■ Work instructions: Once you find the line with "Kitchen Cabinets: Kitchen" in the data below, transcribe exactly each line from there to the line with "Robot Operating System", inclusive, and nothing else. Drop the pictures.

■ Records shown:
═══
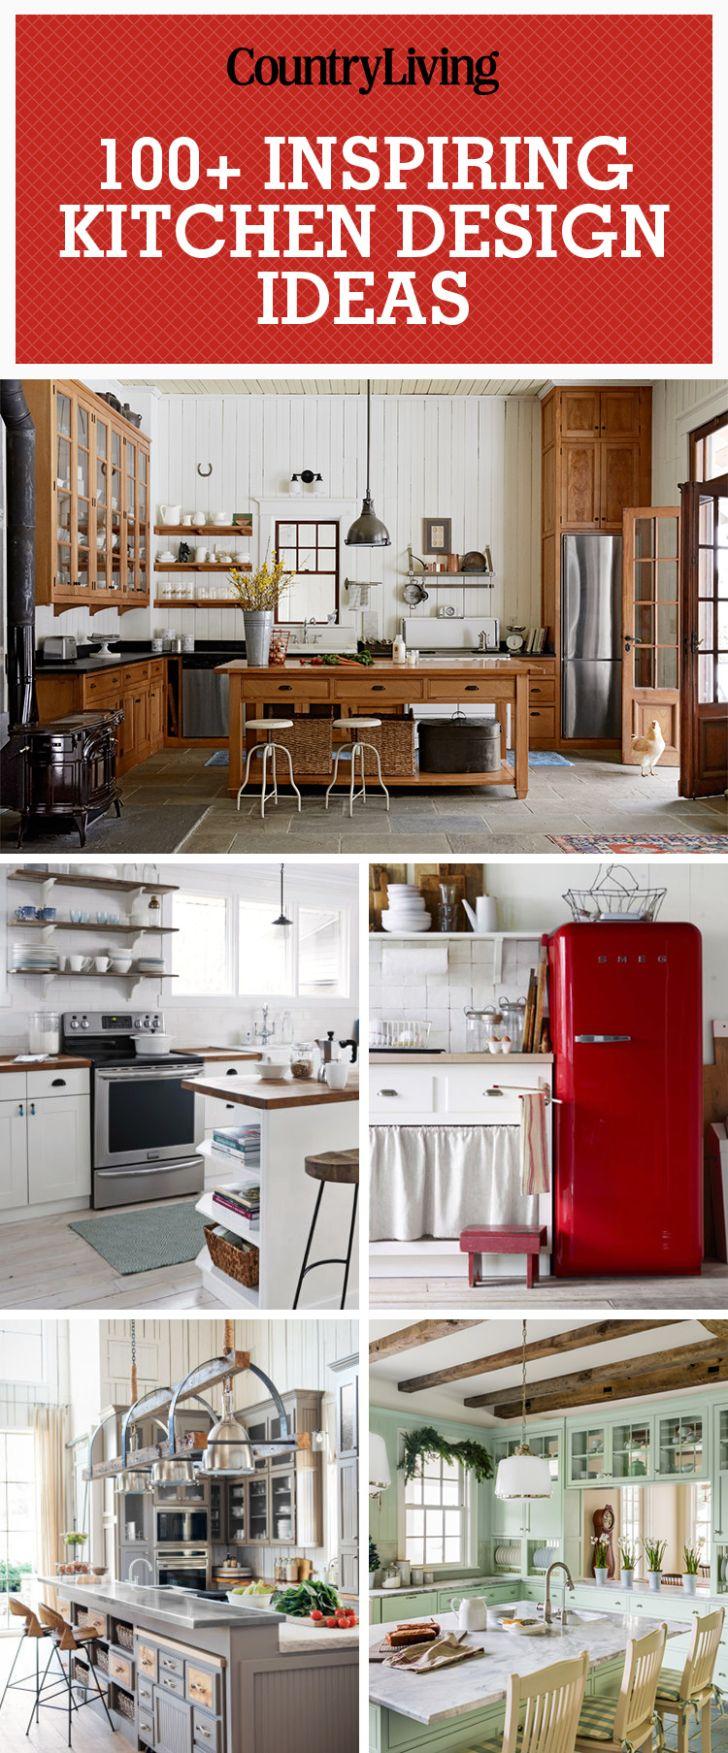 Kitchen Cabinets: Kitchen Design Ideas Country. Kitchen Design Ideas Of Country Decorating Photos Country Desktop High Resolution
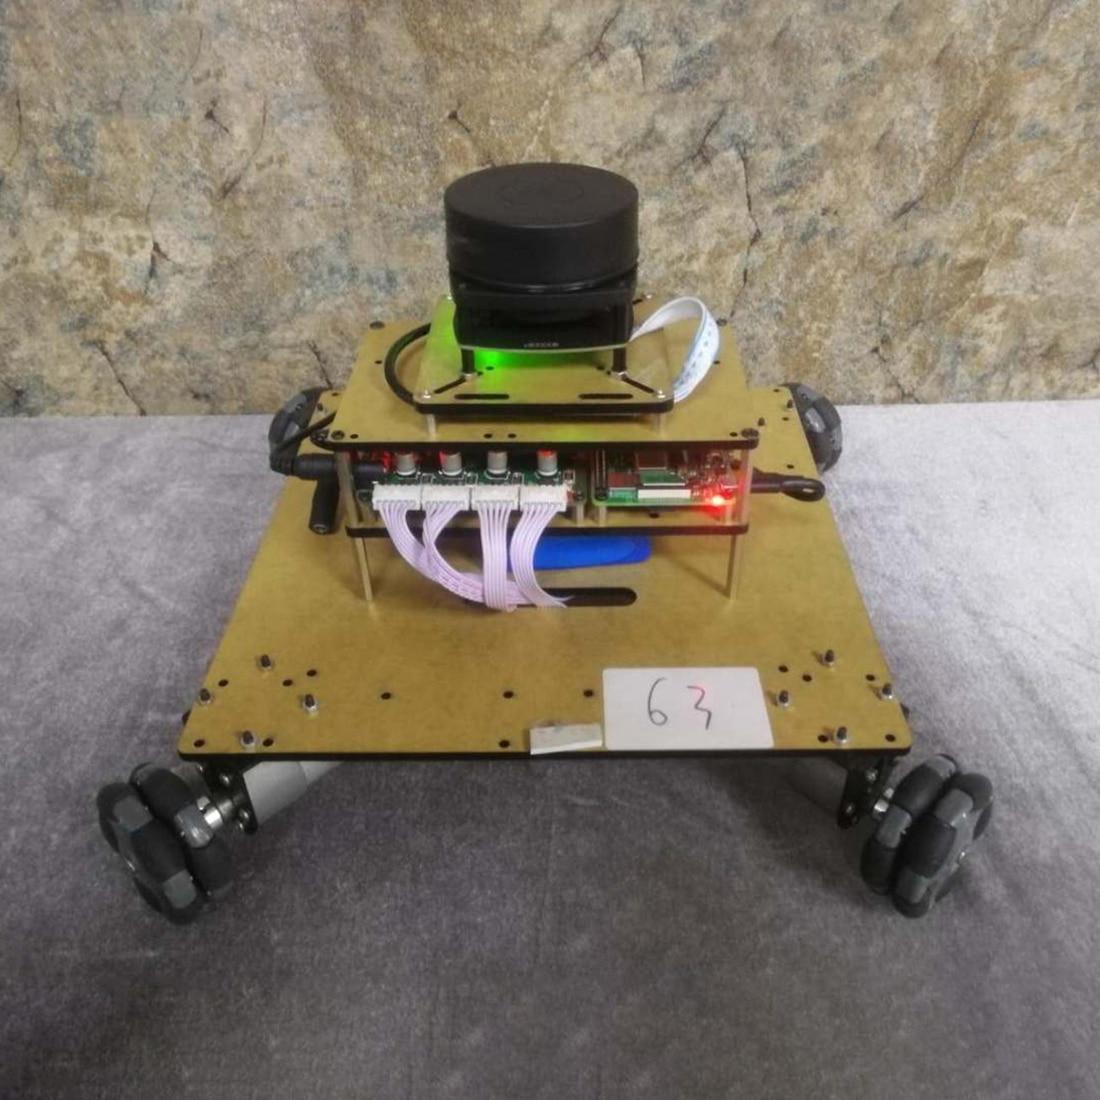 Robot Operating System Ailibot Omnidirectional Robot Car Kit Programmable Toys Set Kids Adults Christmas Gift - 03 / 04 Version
═══
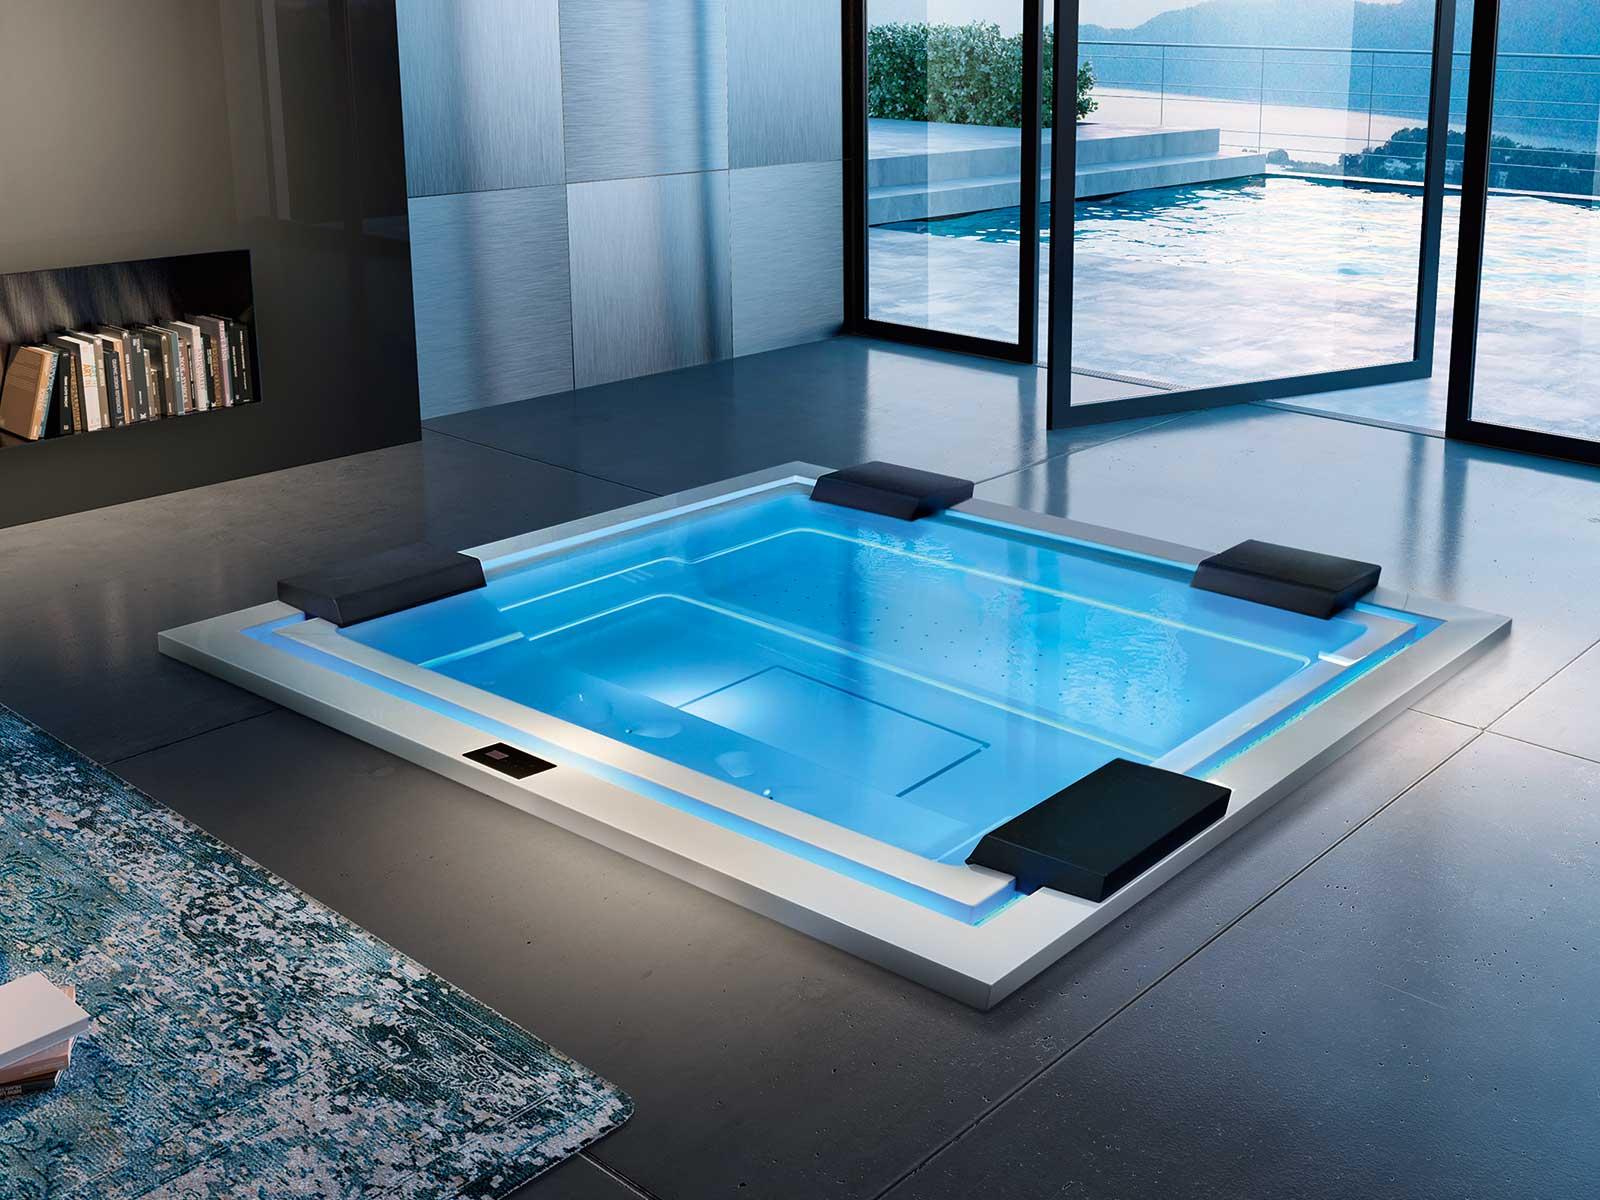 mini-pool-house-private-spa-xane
═══
■ Answer below:
 Kitchen Cabinets: Kitchen Design Ideas Country. Kitchen Design Ideas Of Country Decorating Photos Country Desktop High Resolution
 Robot Operating System Ailibot Omnidirectional Robot Car Kit Programmable Toys Set Kids Adults Christmas Gift - 03 / 04 Version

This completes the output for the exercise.